Rivero González en entrevista con Luces del Siglo dijo que hay todo un aparato de gobierno y leyes dispuestas para asistirlas y acompañarlas con asesoría, atención inmediata y apoyos económicos.

Pero igual de valioso es saber, agregó, que no es normal vivir en un lugar con violencia cotidiana y hay que conocer la forma de actuar ante hechos y situaciones de riesgo, porque un derecho que no se conoce es un derecho que no se ejerce.

“Se deben identificar situaciones de riesgo para evitar estar en una situación constitutiva de algún delito. La mujer es el sector de la población que está en más vulnerabilidad, pero también suelen ser las niñas y las adolescentes”.

El Secretariado Ejecutivo de Seguridad Pública reconoce que la violencia contra la mujer prevalece en todo el país y la entidad quintanarroense no queda exenta.

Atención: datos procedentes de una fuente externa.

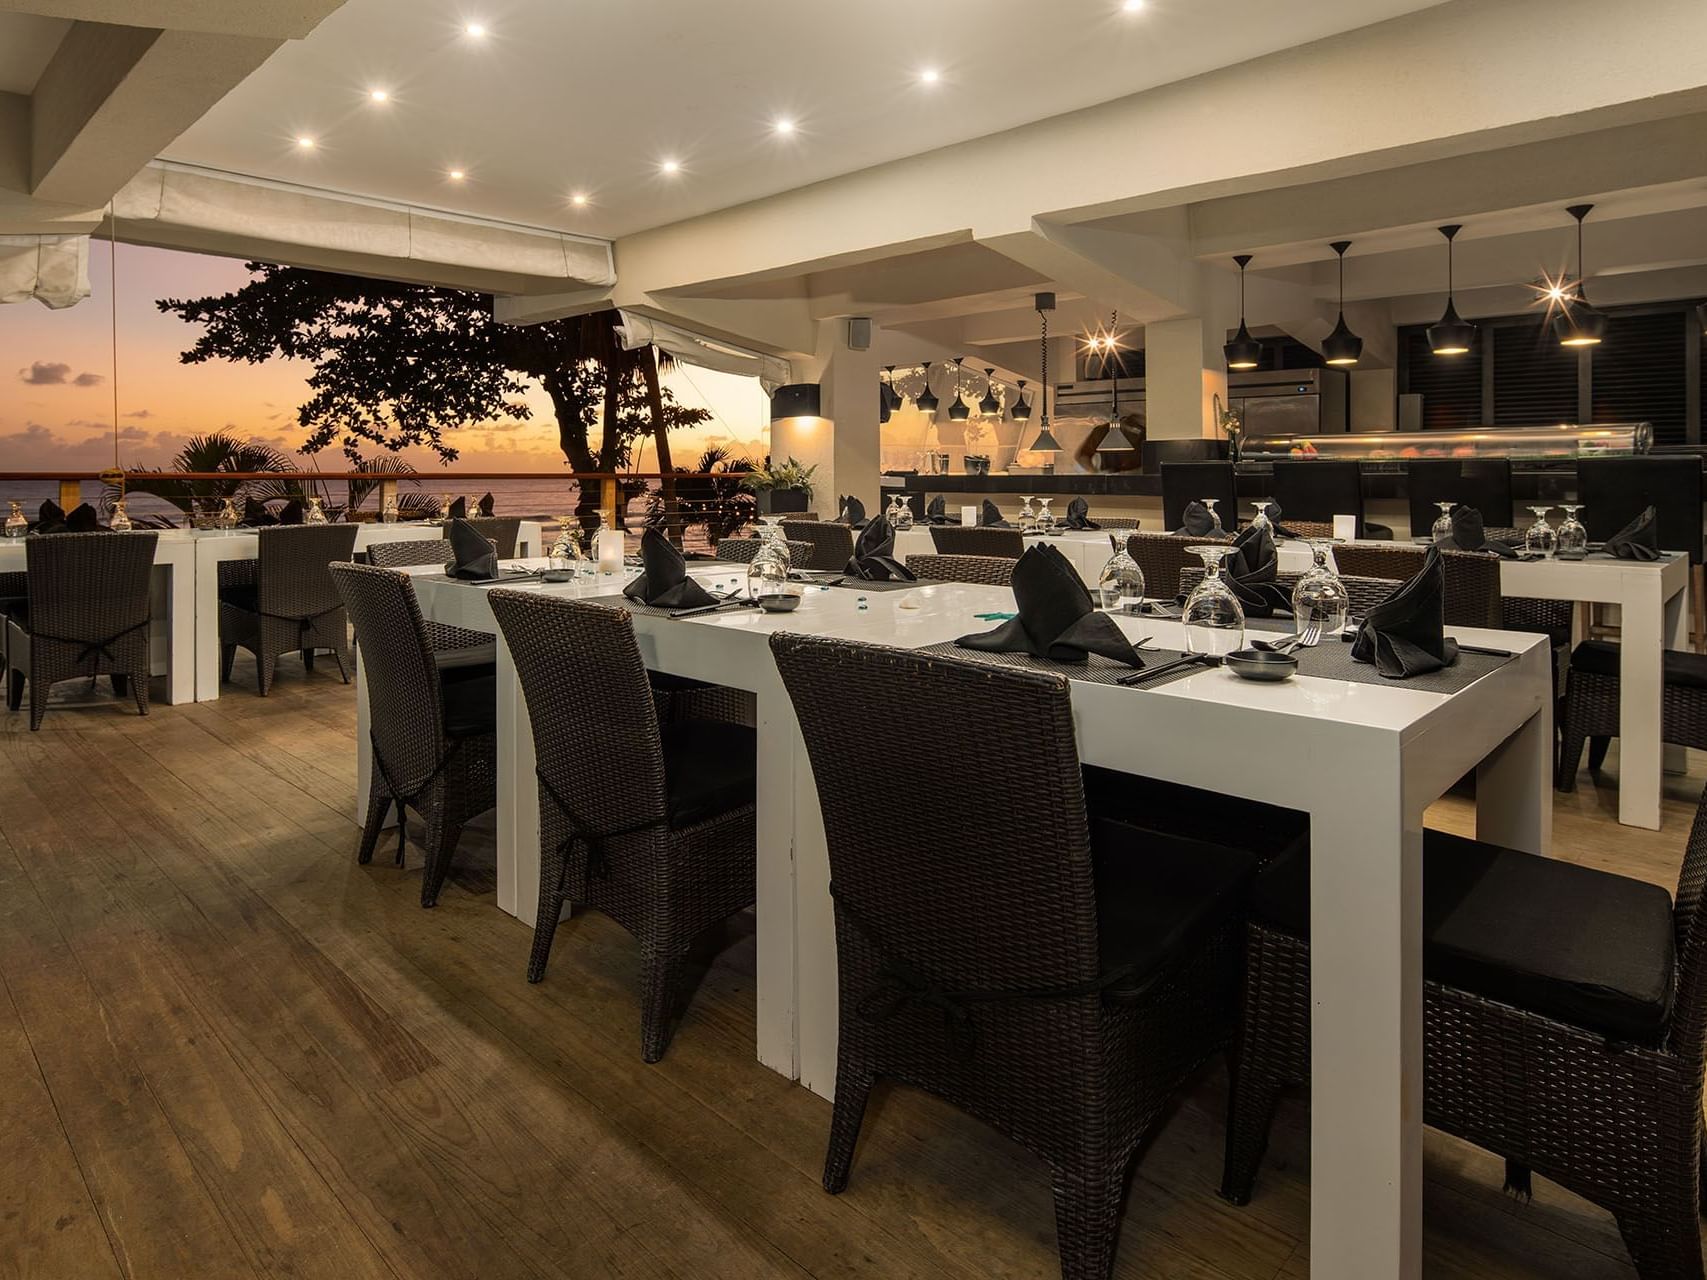 Arranged dining area in Umi Restaurant at Sugar Bay Barbados
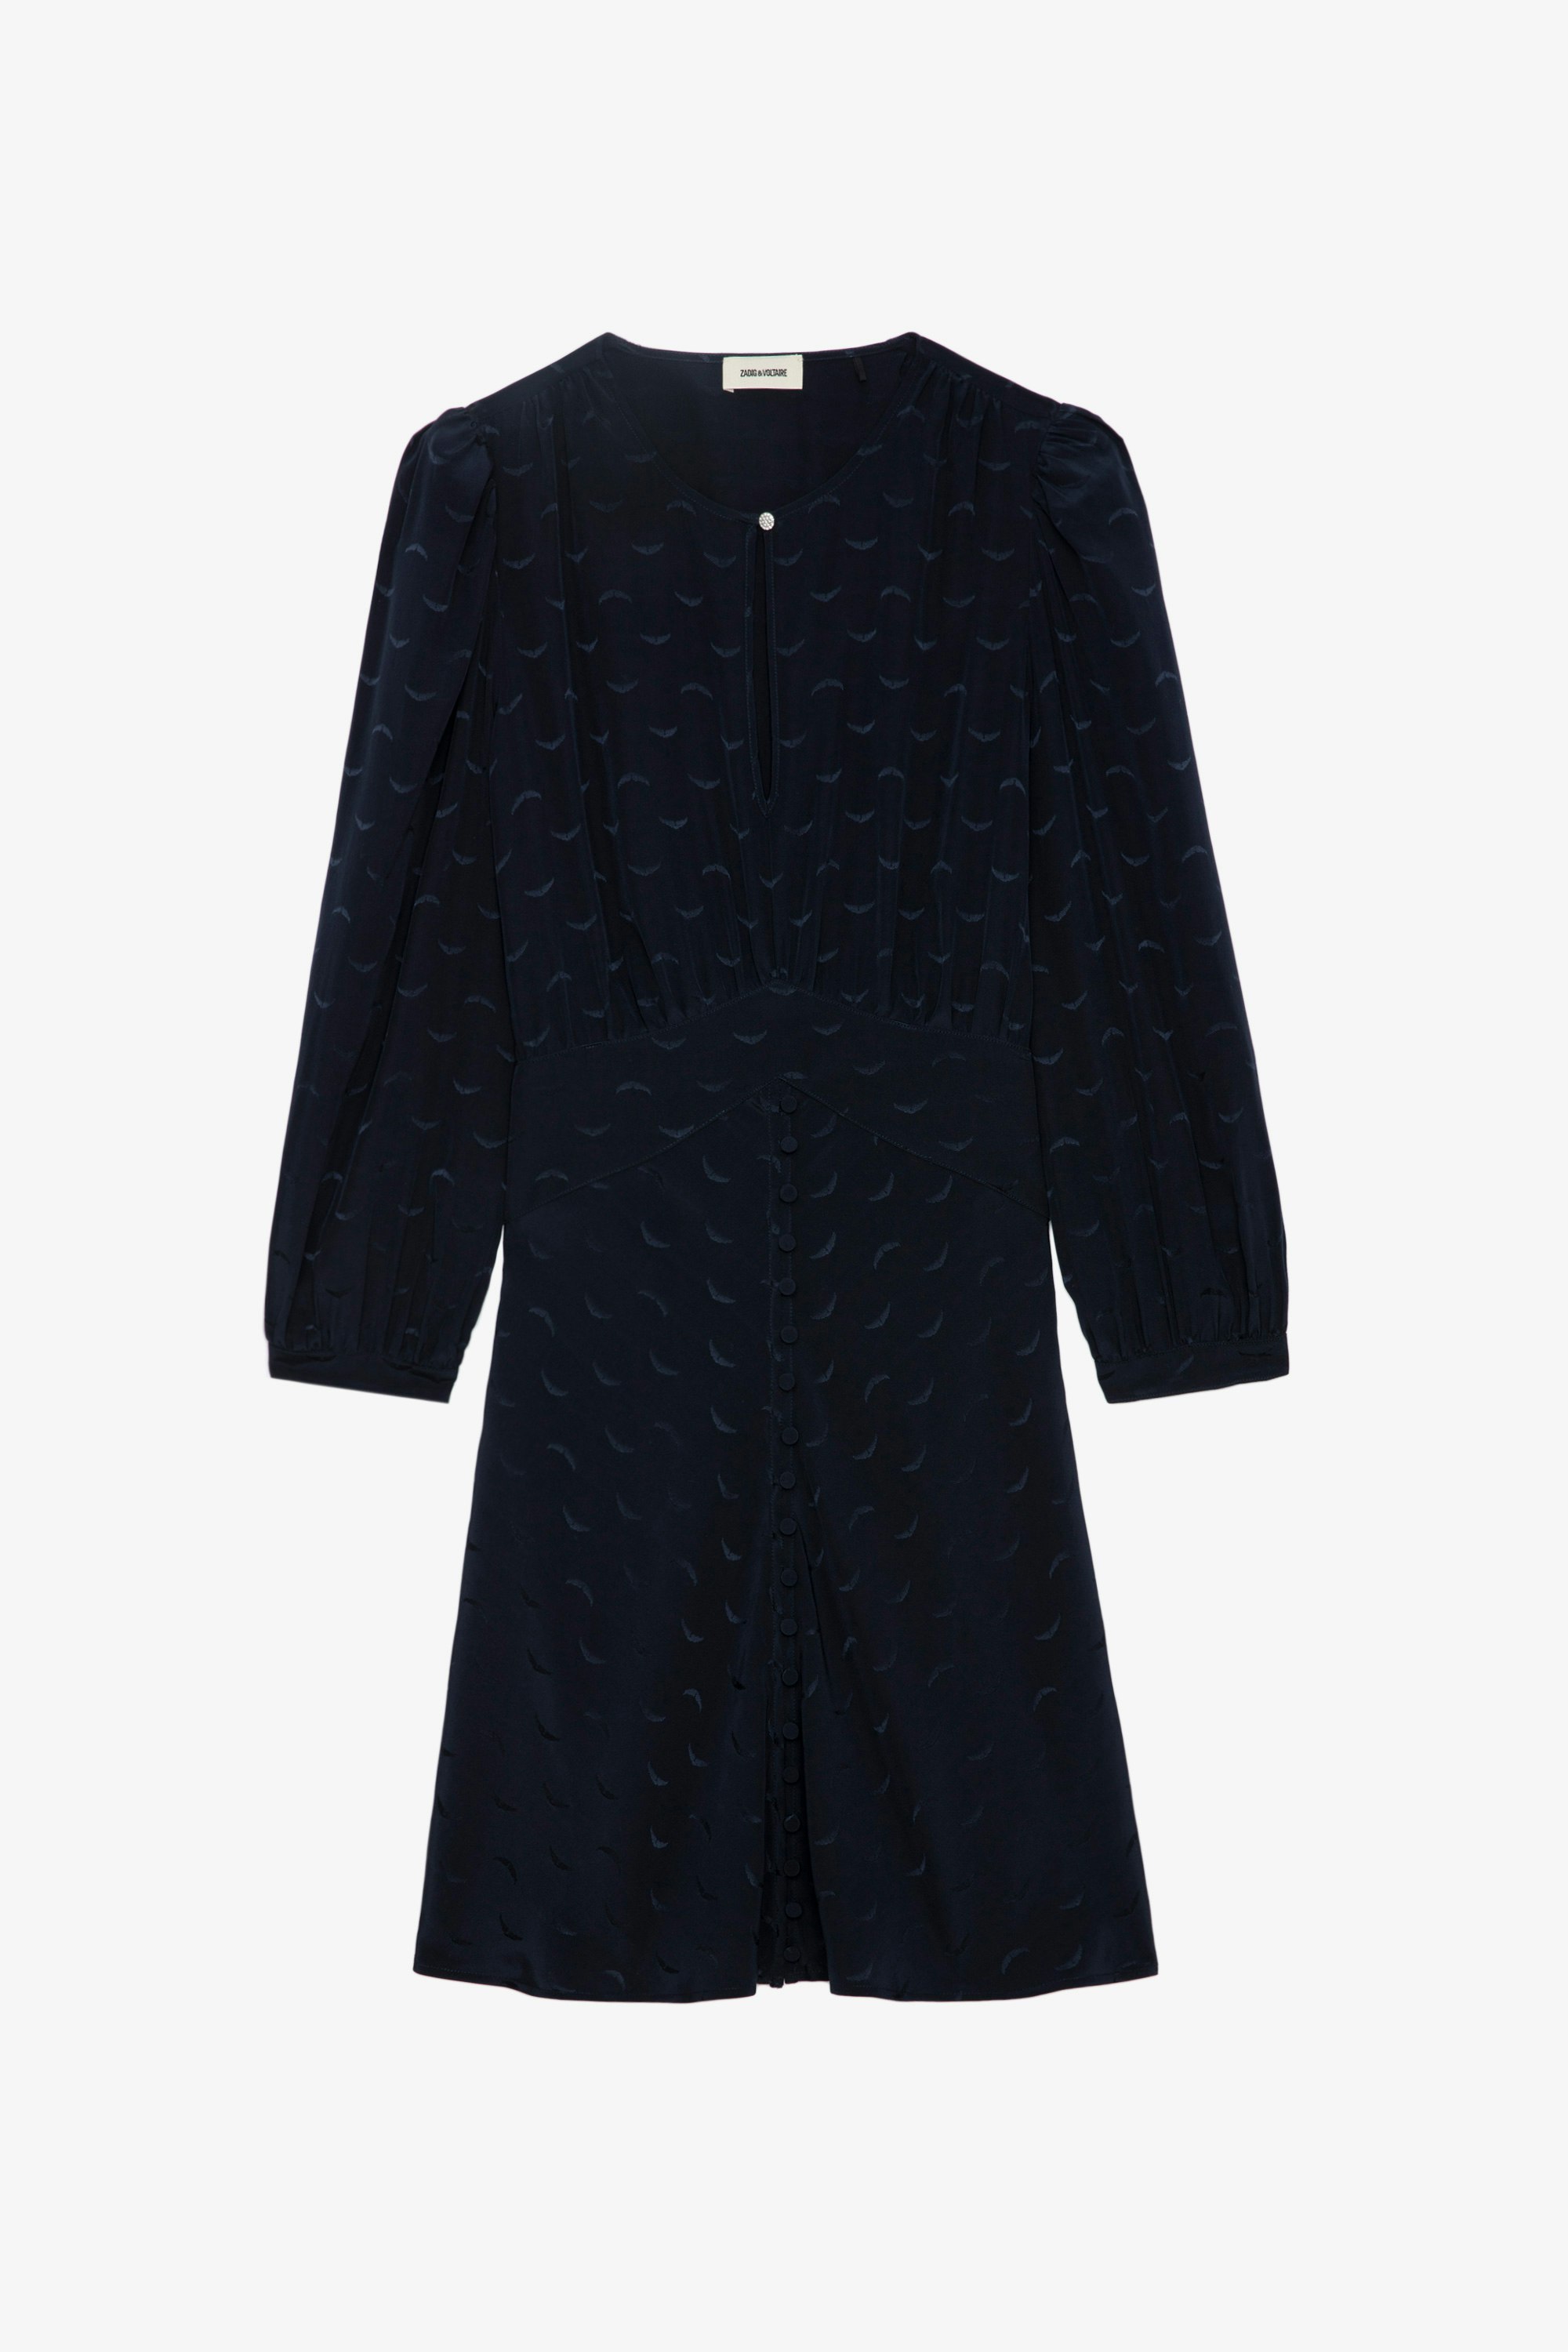 Rhodri Silk Jacquard Dress - Short navy blue silk dress with jacquard wings, button closure and 3/4-length sleeves.

Los casos documentados muestran que se da principalmente por el machismo, a través de insultos, amenazas, empujones o agresiones físicas que denostan, humillan o lastiman, pero también con otras formas cuyo fin es despojar de bienes y recursos económicos o condicionarlos en su disfrute para castigar la autoestima.

“El agresor juega con la manipulación y el chantaje, pero no hay secreto que sea lo suficientemente poderoso para quedarse callada, porque las consecuencias pueden ser peores al compartir ese secreto que el agresor pide mantener”.

Aparte están los feminicidios, casos más extremos donde se pone en riesgo latente a todas las mujeres, pues el agresor (en la mayoría de casos) es la pareja, ex pareja o formó parte del círculo familiar.

La prevención en este tipo de situaciones consiste en realizar un test de evaluación que analice la relación y el vínculo con la actual o anteriores parejas para detectar la presencia (y el riesgo) de insultos y ofensas que hacen sentir menos a la mujer.

De la violencia patrimonial donde se arrebata algún bien patrimonial o impide su disfrute, incluso del sueldo o de los ahorros, debe también denunciarse.

Pero con el uso de los medios digitales hay otras formas de ejercer la violencia, a través de la intromisión a la intimidad en las redes sociales, que ocurre cuando se publican fotografías o videos íntimos sin la autorización, para exponer y humillar.

El riesgo es mayor ante los niños y las adolescentes ante personas disfrazadas en el anonimato que son agresores o depredadores sexuales.

Rivero González insistió que la prevención coadyuva a contrarrestar la condición de vulnerabilidad de la víctima en el hogar, el trabajo o la comunidad.